# Merging Multiline Logs

#### Overview

Many applications write **multiline logs**: stack traces, pretty-printed JSON, or human-readable errors split across several stdout/stderr lines. Kubernetes and most log collectors treat each line as a separate log record by default, which breaks search, correlation, and parsing.

Use the OTTL function **`multiline_merge`** in the groundcover logs pipeline to **reassemble** continuation lines into a single log record whose `body` contains embedded newlines.

For the broader parsing workflow and other OTTL examples, see Parsing Logs. This page focuses on multiline behavior, common first-line patterns, and how to scope merge rules.

#### What Are Multiline Logs?

A **multiline log** is one logical event that spans multiple physical lines. Common cases:

* Stack traces (Java, Python, Node.js, Go)
* Pretty-printed or indented JSON
* System messages where only the first line carries a timestamp

Each line is still one line of text; the issue is **ingestion boundaries**, not the application binary.
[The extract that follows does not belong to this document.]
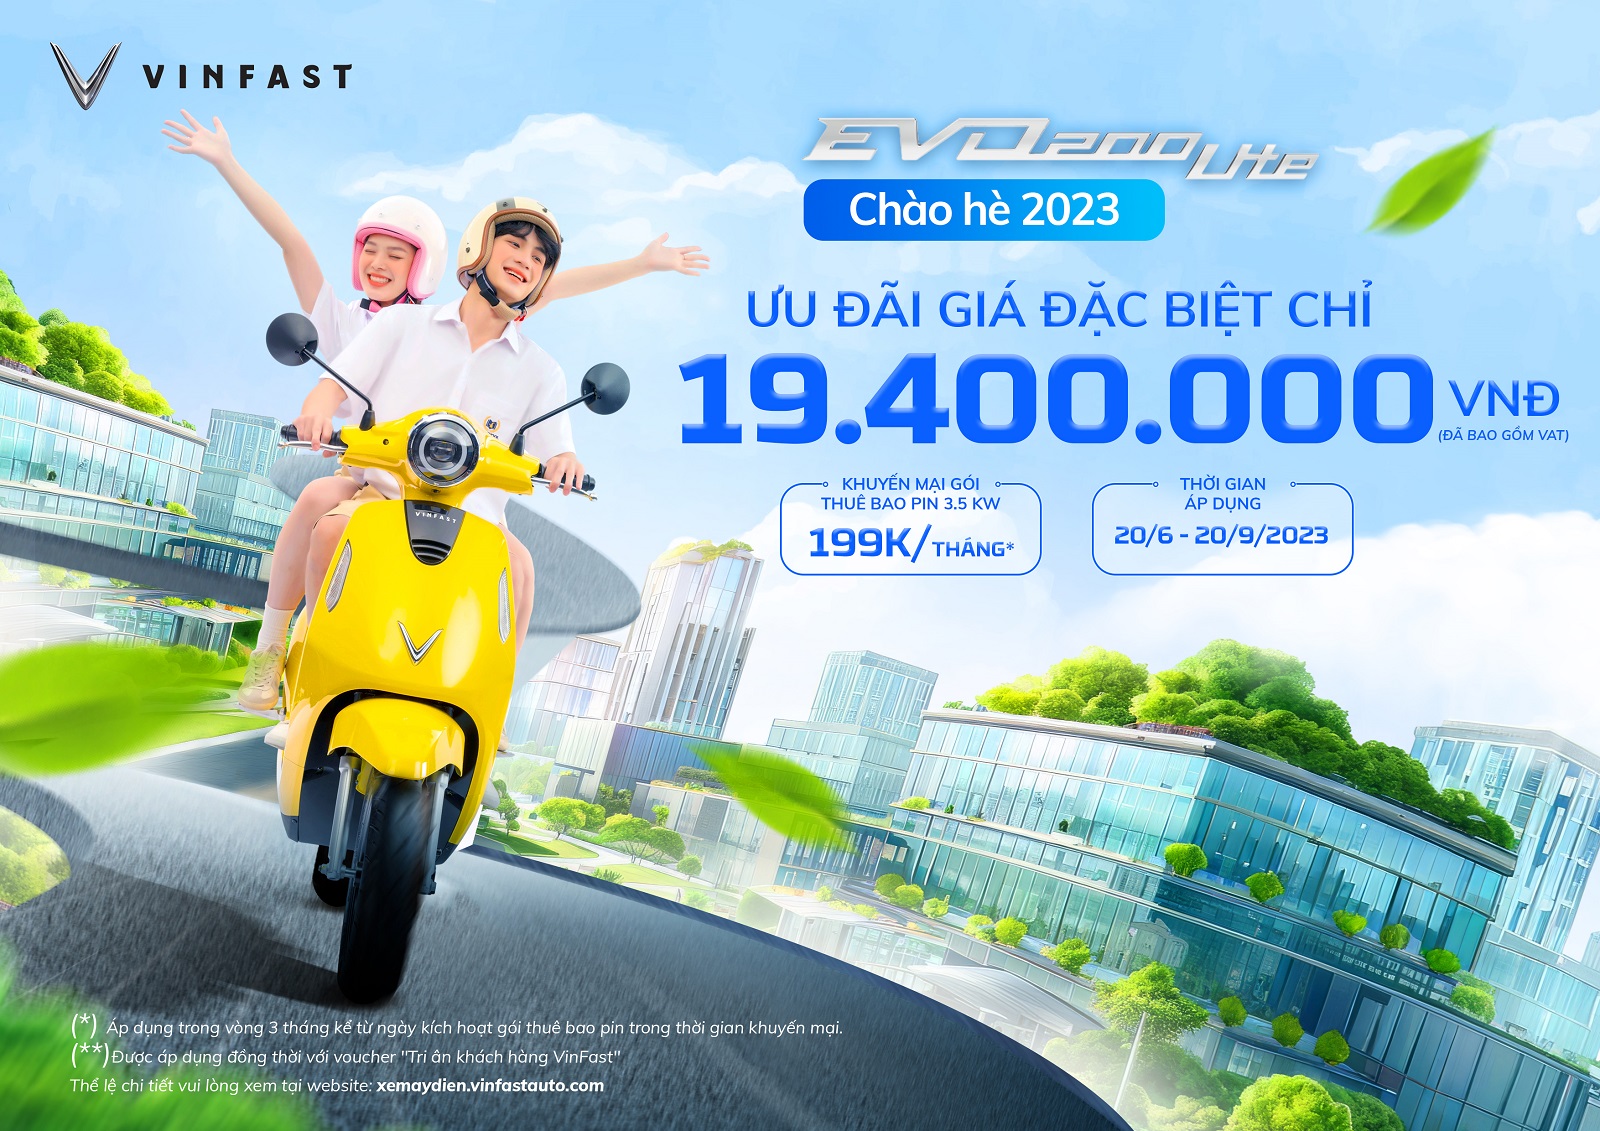 VinFast ưu đãi đặc biệt mùa hè - Evo200 Lite về giá 19,4 triệu đồng - 1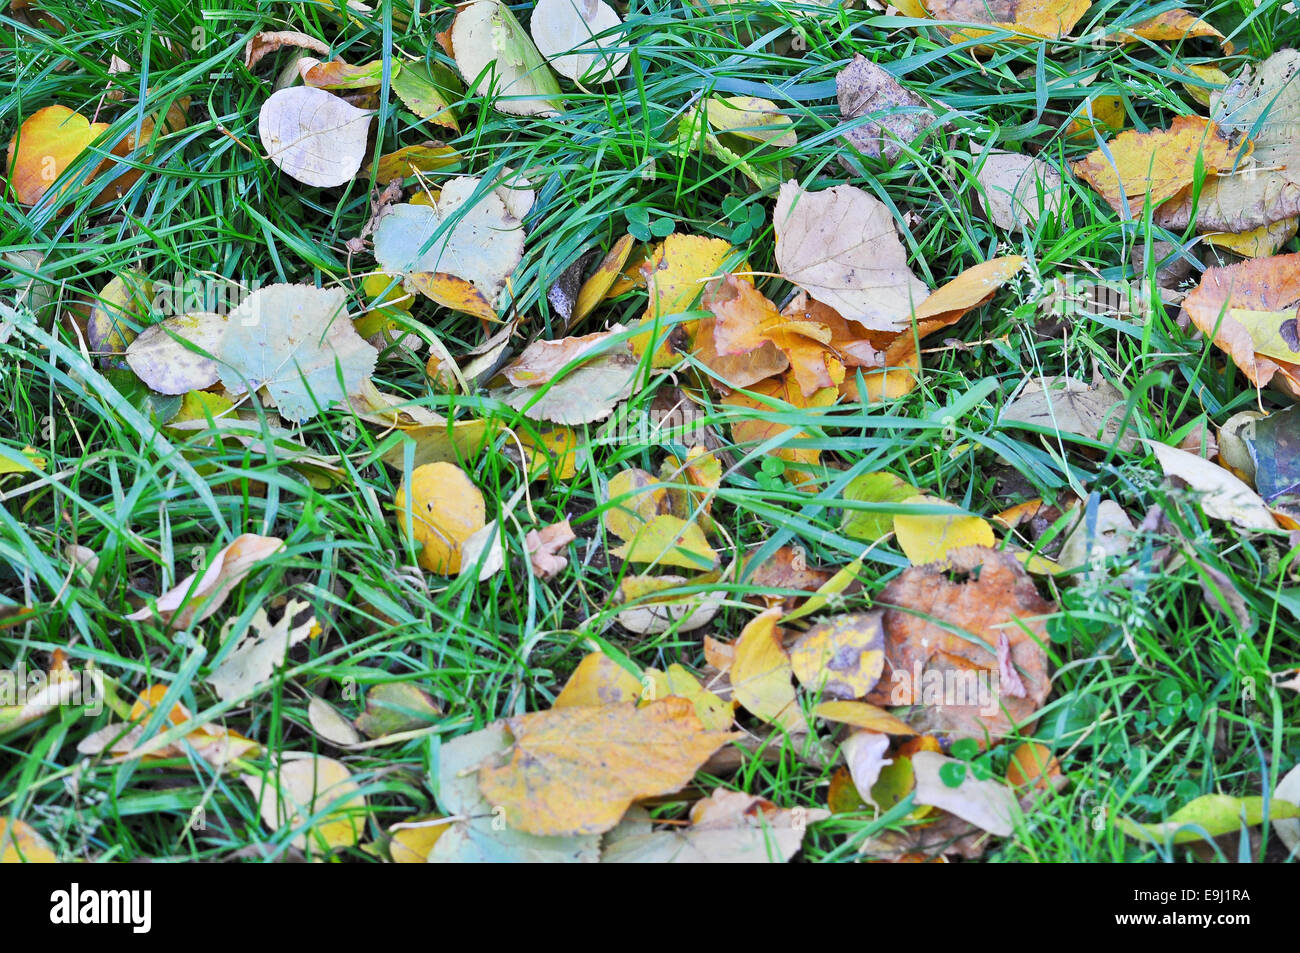 Feuilles mortes. Un tapis de feuilles colorées en octobre, allongés sur l'herbe. Banque D'Images

#### Why Merge Multiline Logs?

Without merging:

* Stack frames appear as unrelated log rows
* Only the first line may match time or level parsers
* JSON split across lines cannot be parsed as a single object
* Noise increases (many low-value rows per incident)

After **`multiline_merge`**, one record represents the full event, so downstream parsing, `ExtractGrokPatterns`, JSON parsing, and log-based metrics behave as intended.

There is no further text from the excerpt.